| Source data |
==========

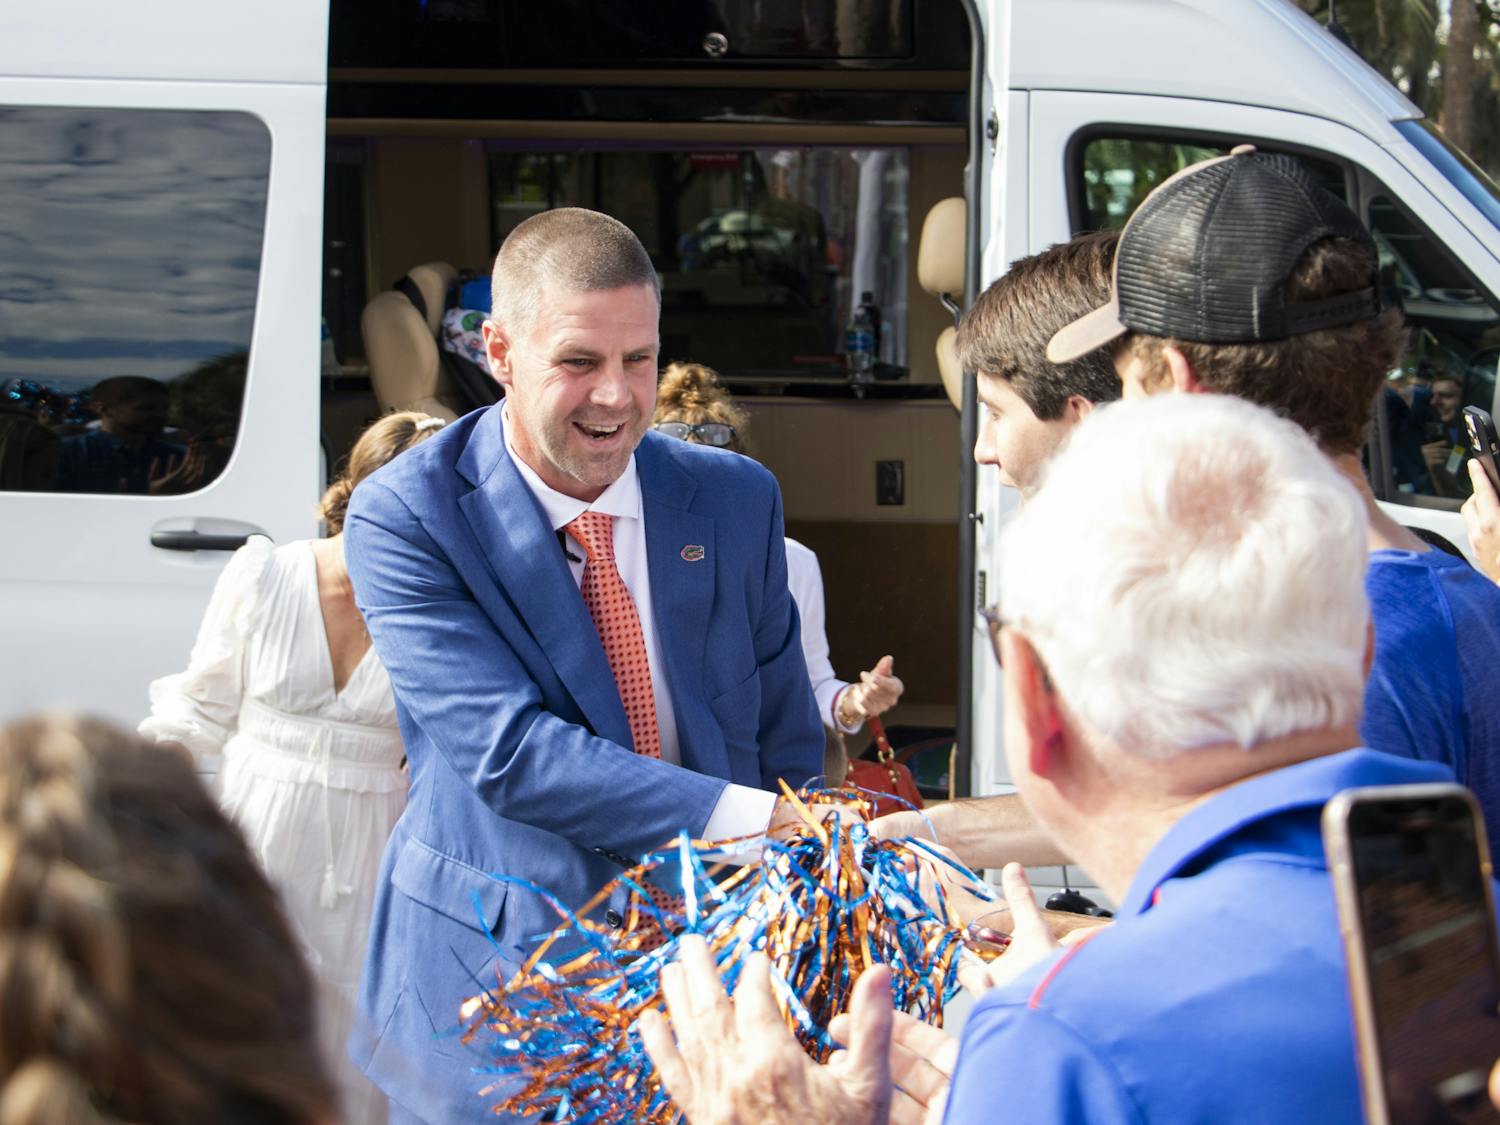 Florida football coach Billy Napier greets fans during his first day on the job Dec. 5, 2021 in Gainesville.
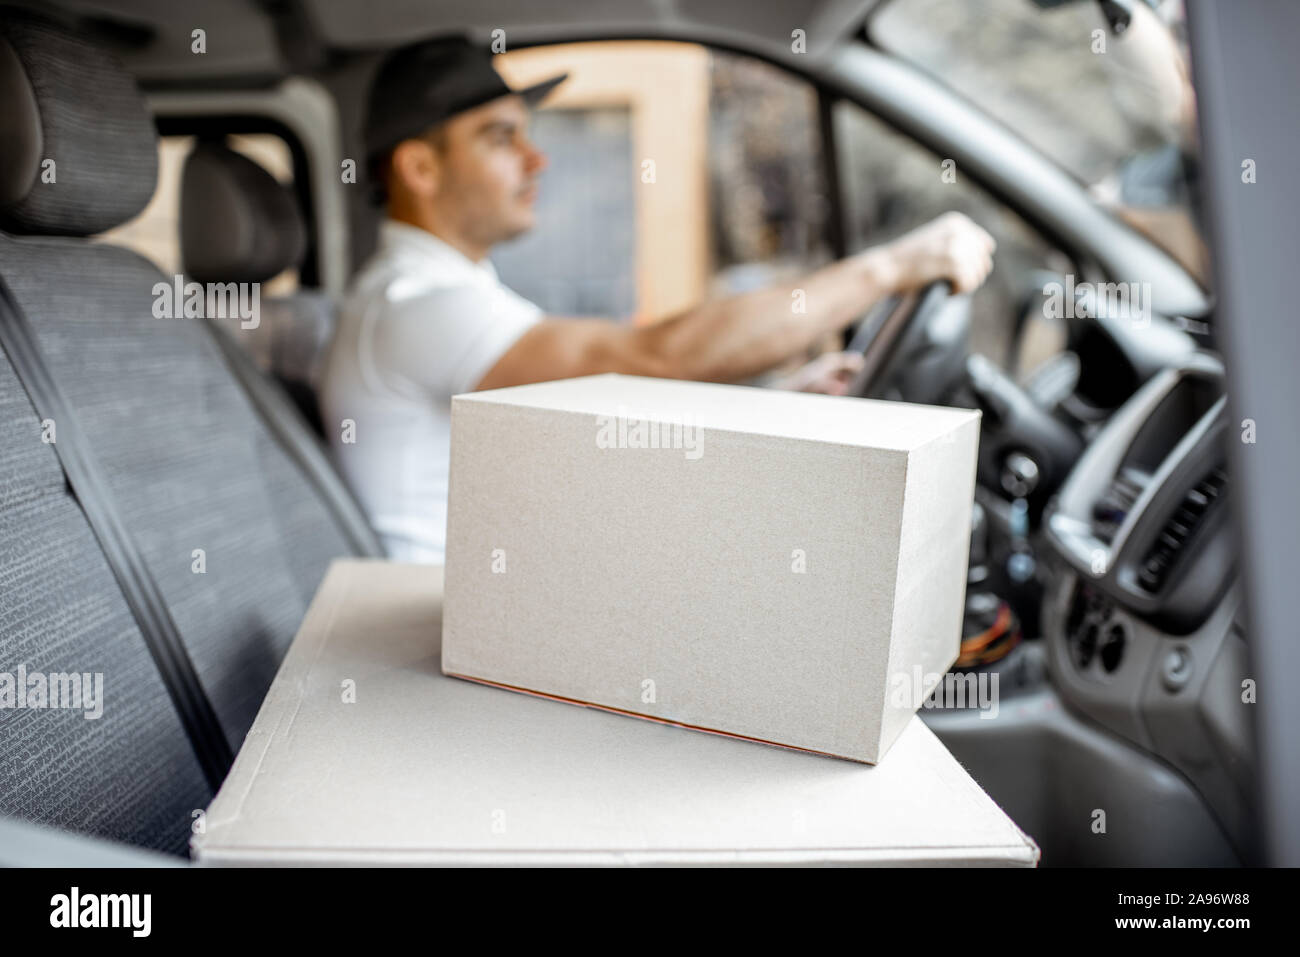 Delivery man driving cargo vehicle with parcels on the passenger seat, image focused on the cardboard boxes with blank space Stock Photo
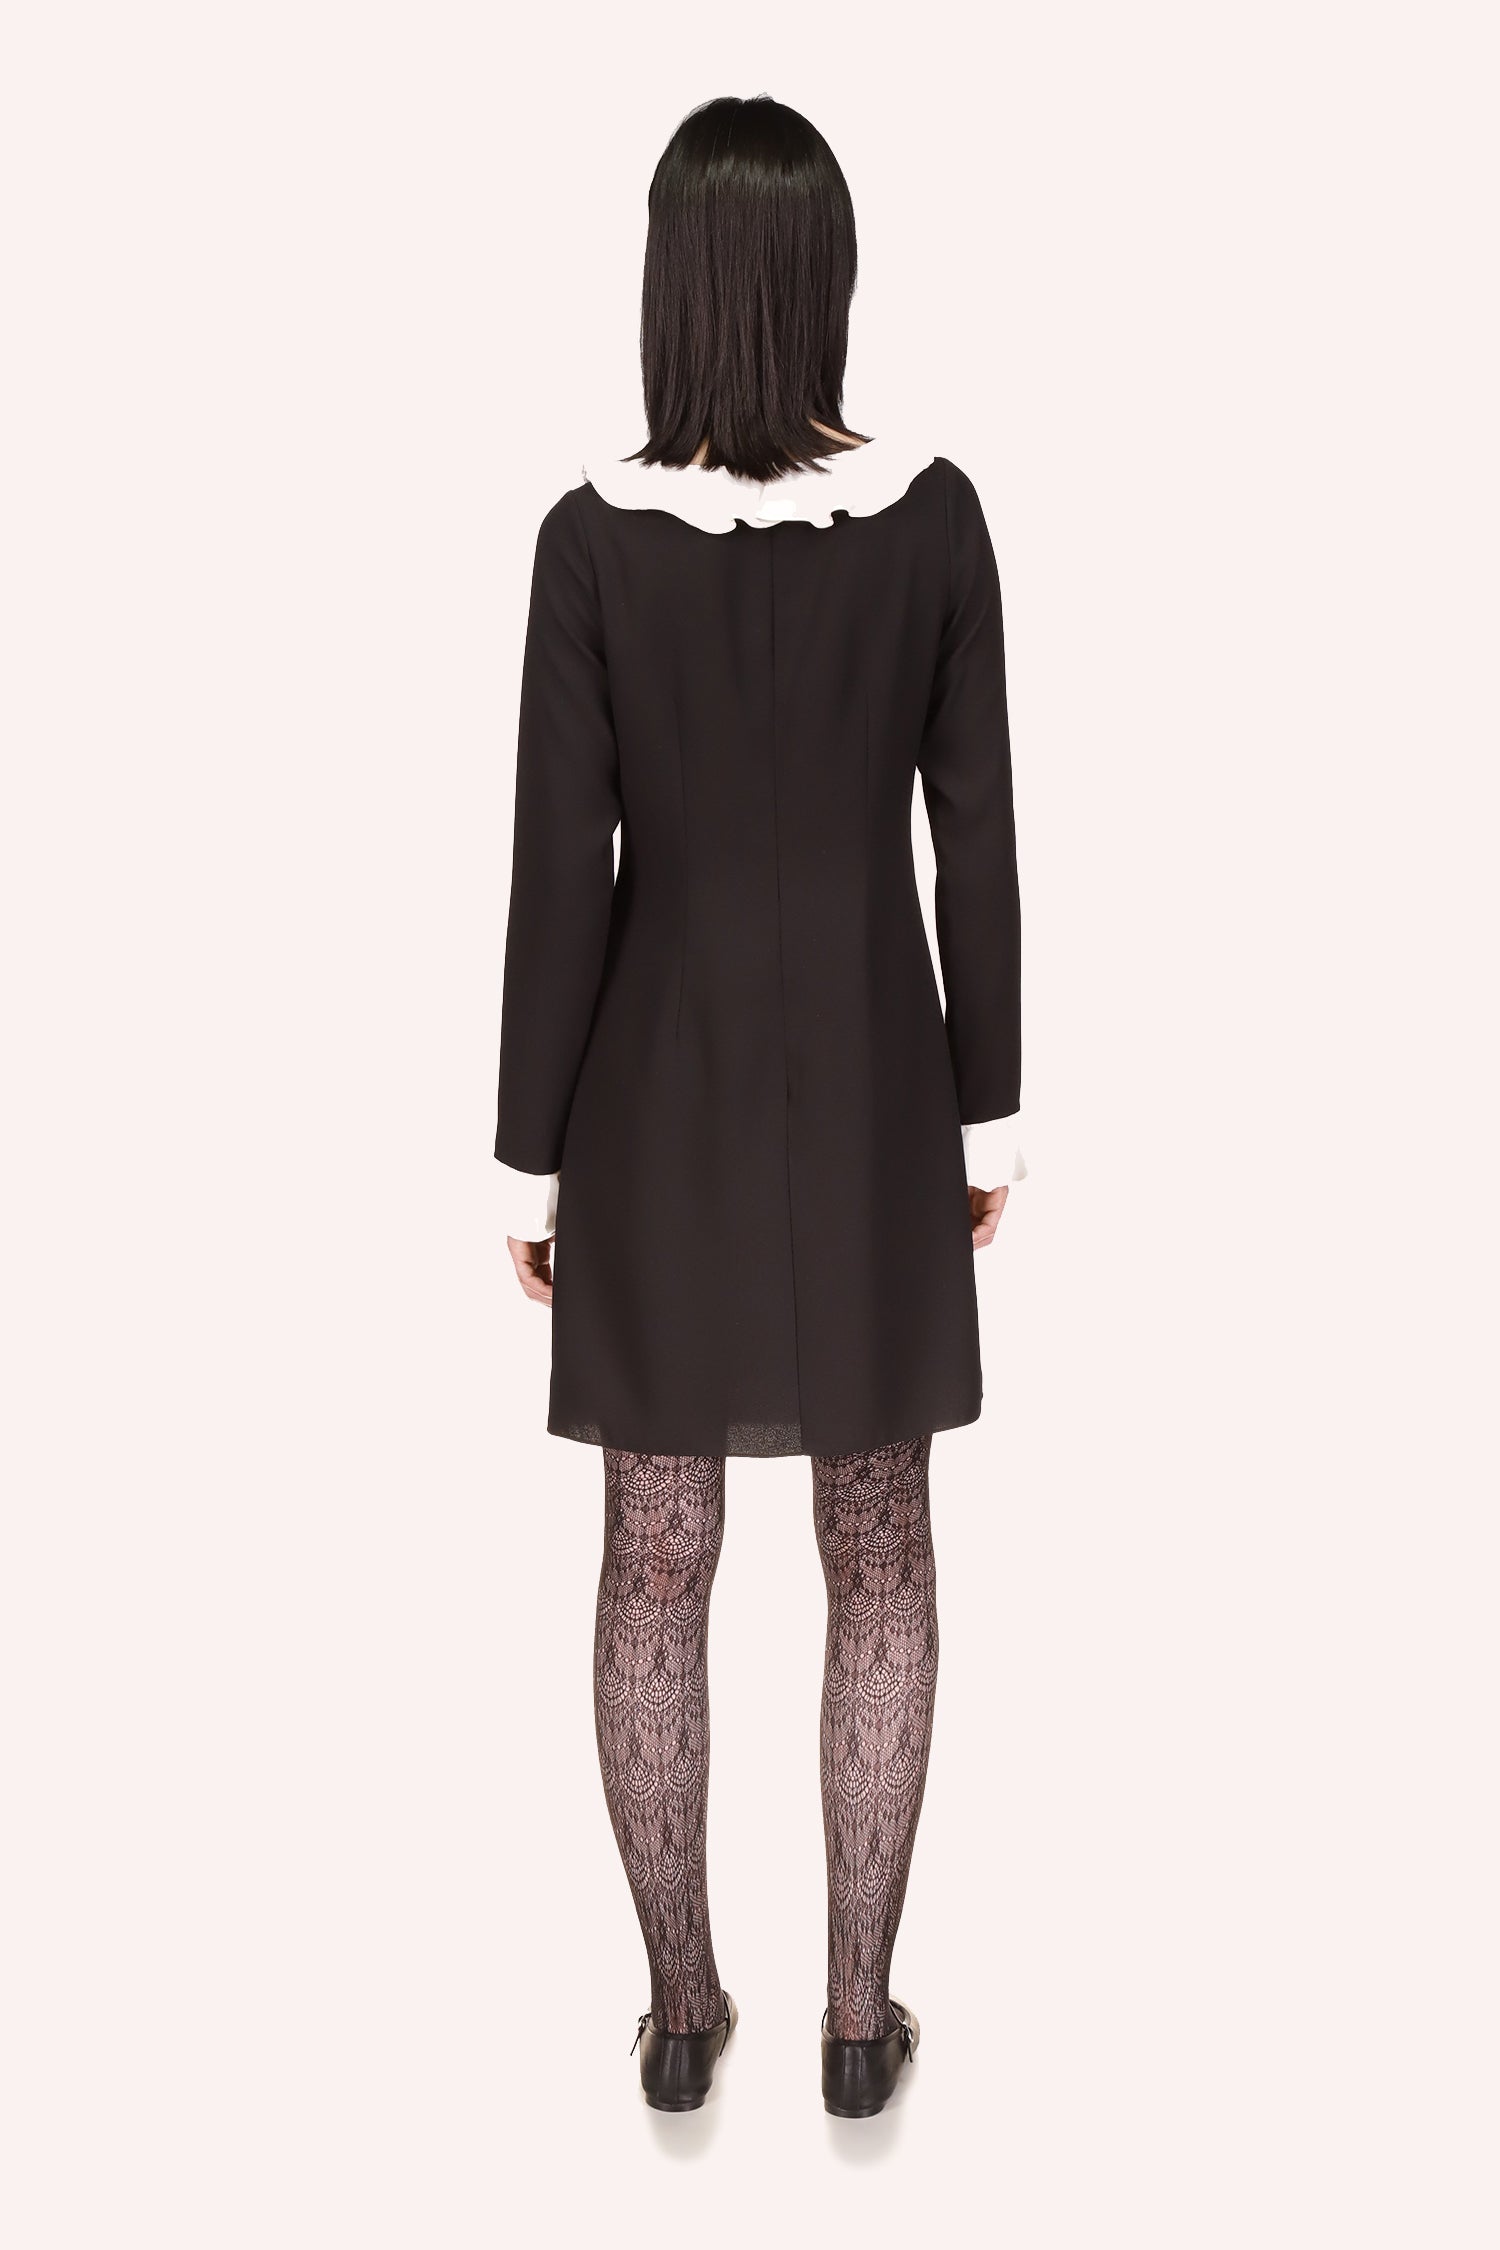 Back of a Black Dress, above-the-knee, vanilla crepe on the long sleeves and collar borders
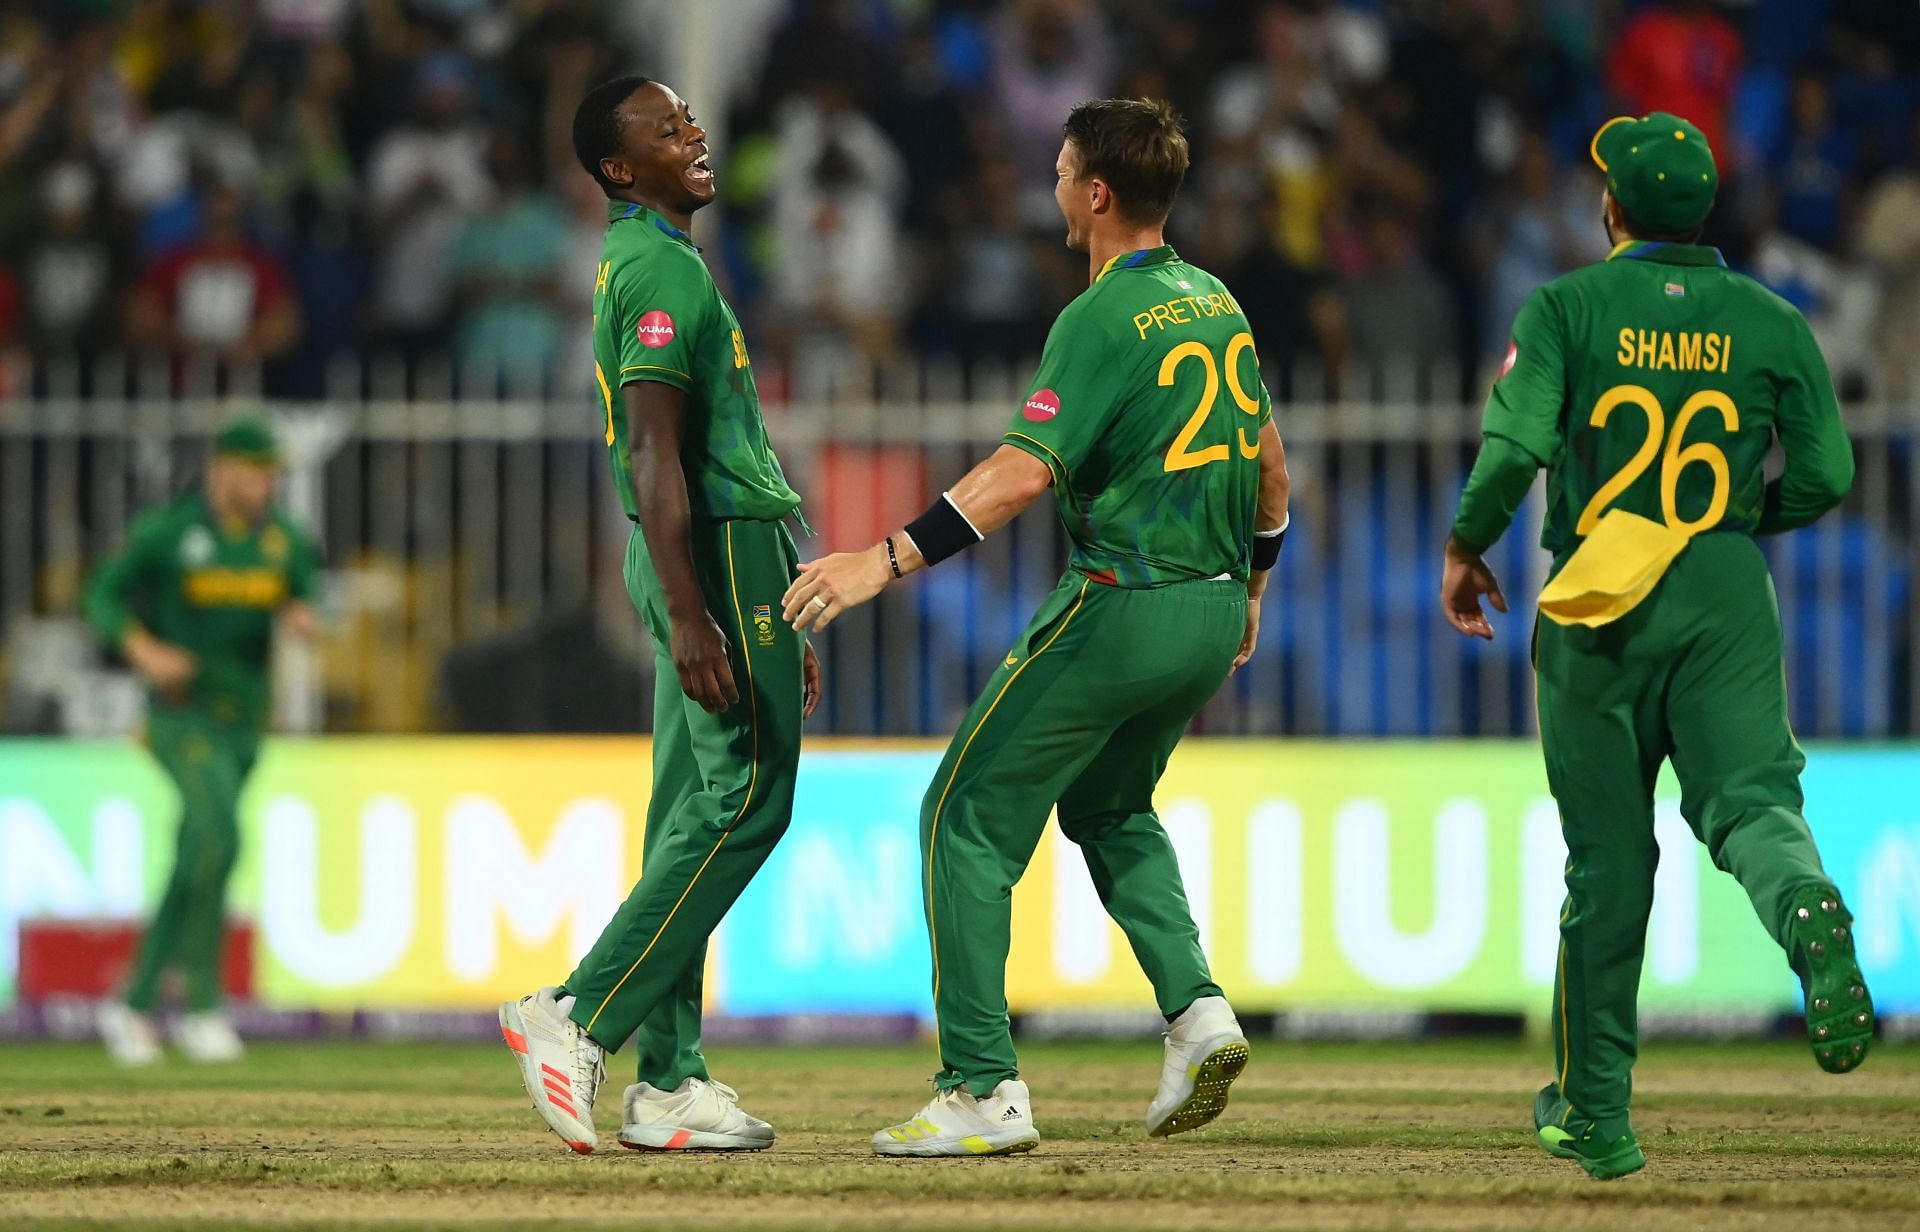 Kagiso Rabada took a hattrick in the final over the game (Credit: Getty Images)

==========

| To do |
Send back every line above exactly, skipping all pictures.

| Finished task |
 Florida football coach Billy Napier greets fans during his first day on the job Dec. 5, 2021 in Gainesville.
 Delivery man driving cargo vehicle with parcels on the passenger seat, image focused on the cardboard boxes with blank space Stock Photo
 Back of a Black Dress, above-the-knee, vanilla crepe on the long sleeves and collar borders
 Kagiso Rabada took a hattrick in the final over the game (Credit: Getty Images)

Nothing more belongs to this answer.